La esposa, con dolores de parto, llamó a su marido. Él, con una mano abrazando a su amante y con la otra sosteniendo el teléfono, le respondió fríamente: —Si vas a tener una niña, no la quiero criar; solo ocupará espacio en la casa… ¡Vete a vivir con tus padres! —y colgó.

Esa noche, en Guadalajara, el cielo se abrió con una tormenta furiosa. Los truenos retumbaban sobre los tejados mientras Lucía se doblaba de dolor en el pequeño apartamento que compartía con su esposo, Tomás. Con las manos temblorosas, marcó su número.

—Tomás… por favor, ven. Me duele mucho… creo que ya voy a dar a luz.

Del otro lado, su voz fue tan fría como el agua que caía desde el cielo:

—¿Otra vez llamando? Ya te dije: si vas a parir una niña, mejor vete con tu madre. No pienso criar hijas que solo vienen a gastar dinero.
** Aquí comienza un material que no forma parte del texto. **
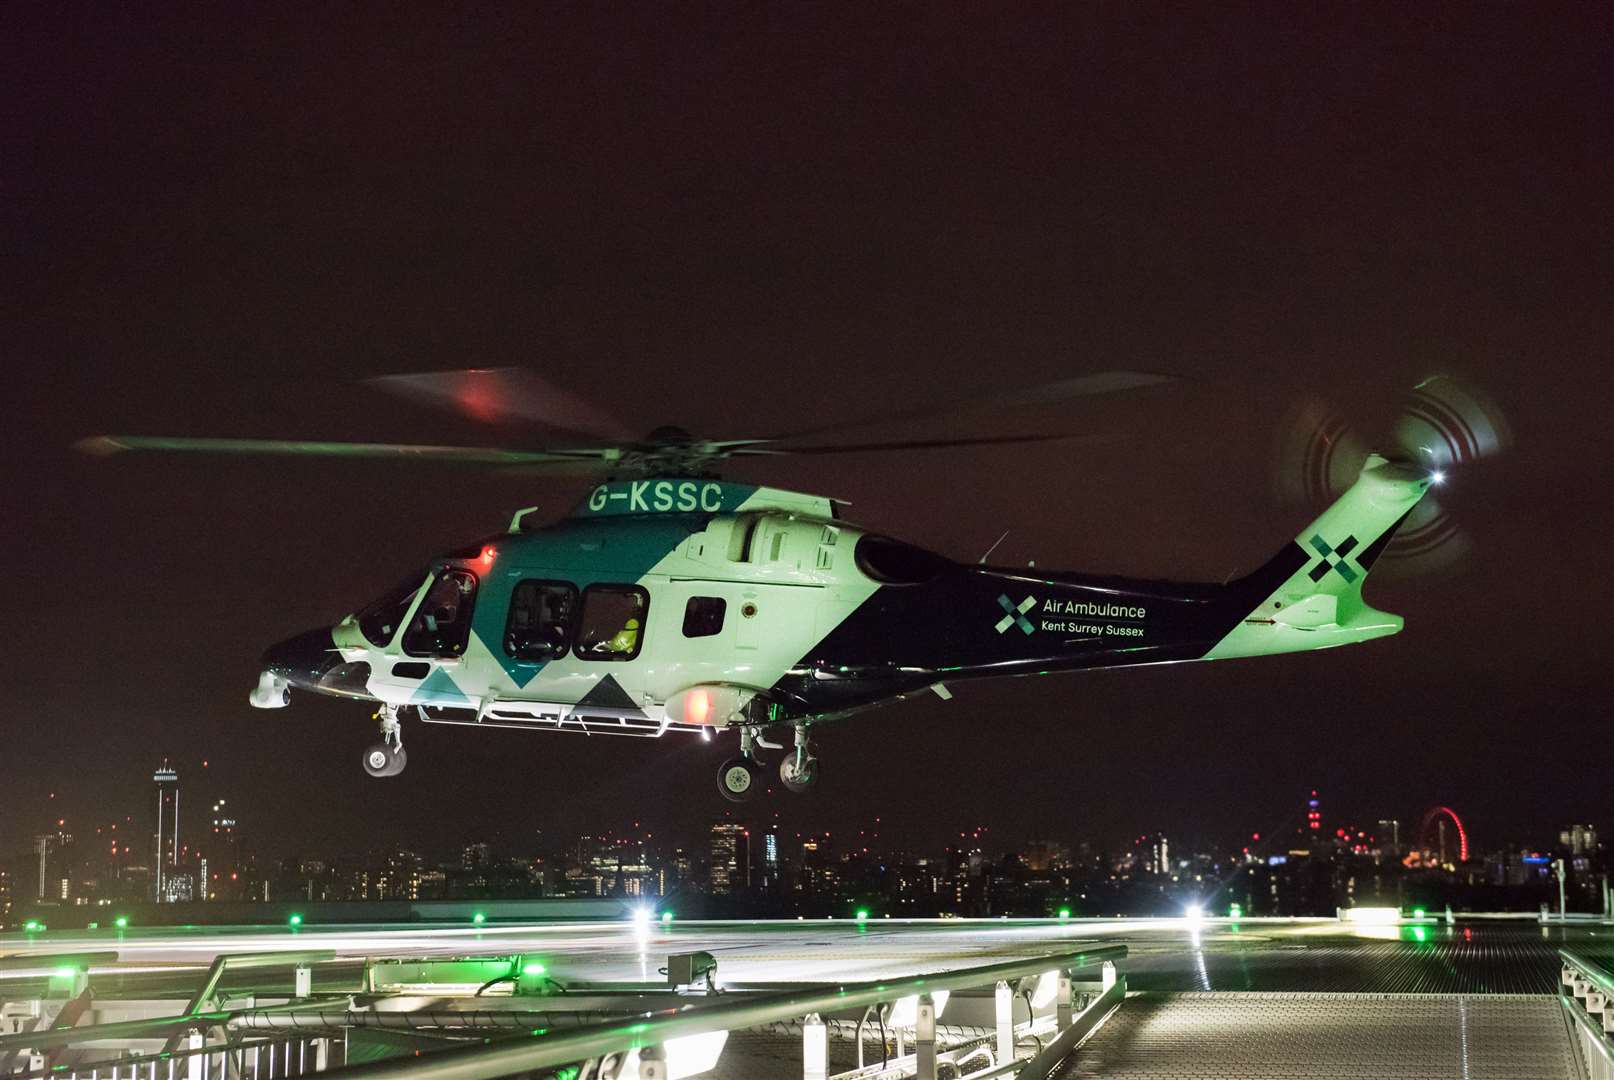 A night landing at King's College Hospital in London

—¿Cómo puedes decir eso? ¡Es tu hija también! —sollozó Lucía.

—Estoy ocupado. Arréglatelas sola —dijo él, antes de colgar.

Lucía se quedó mirando la pantalla apagada, con lágrimas mezcladas con sudor. Agarrándose la panza, salió a la calle empapada y golpeó la puerta del vecino, don Ernesto, quien de inmediato la llevó al Hospital Civil.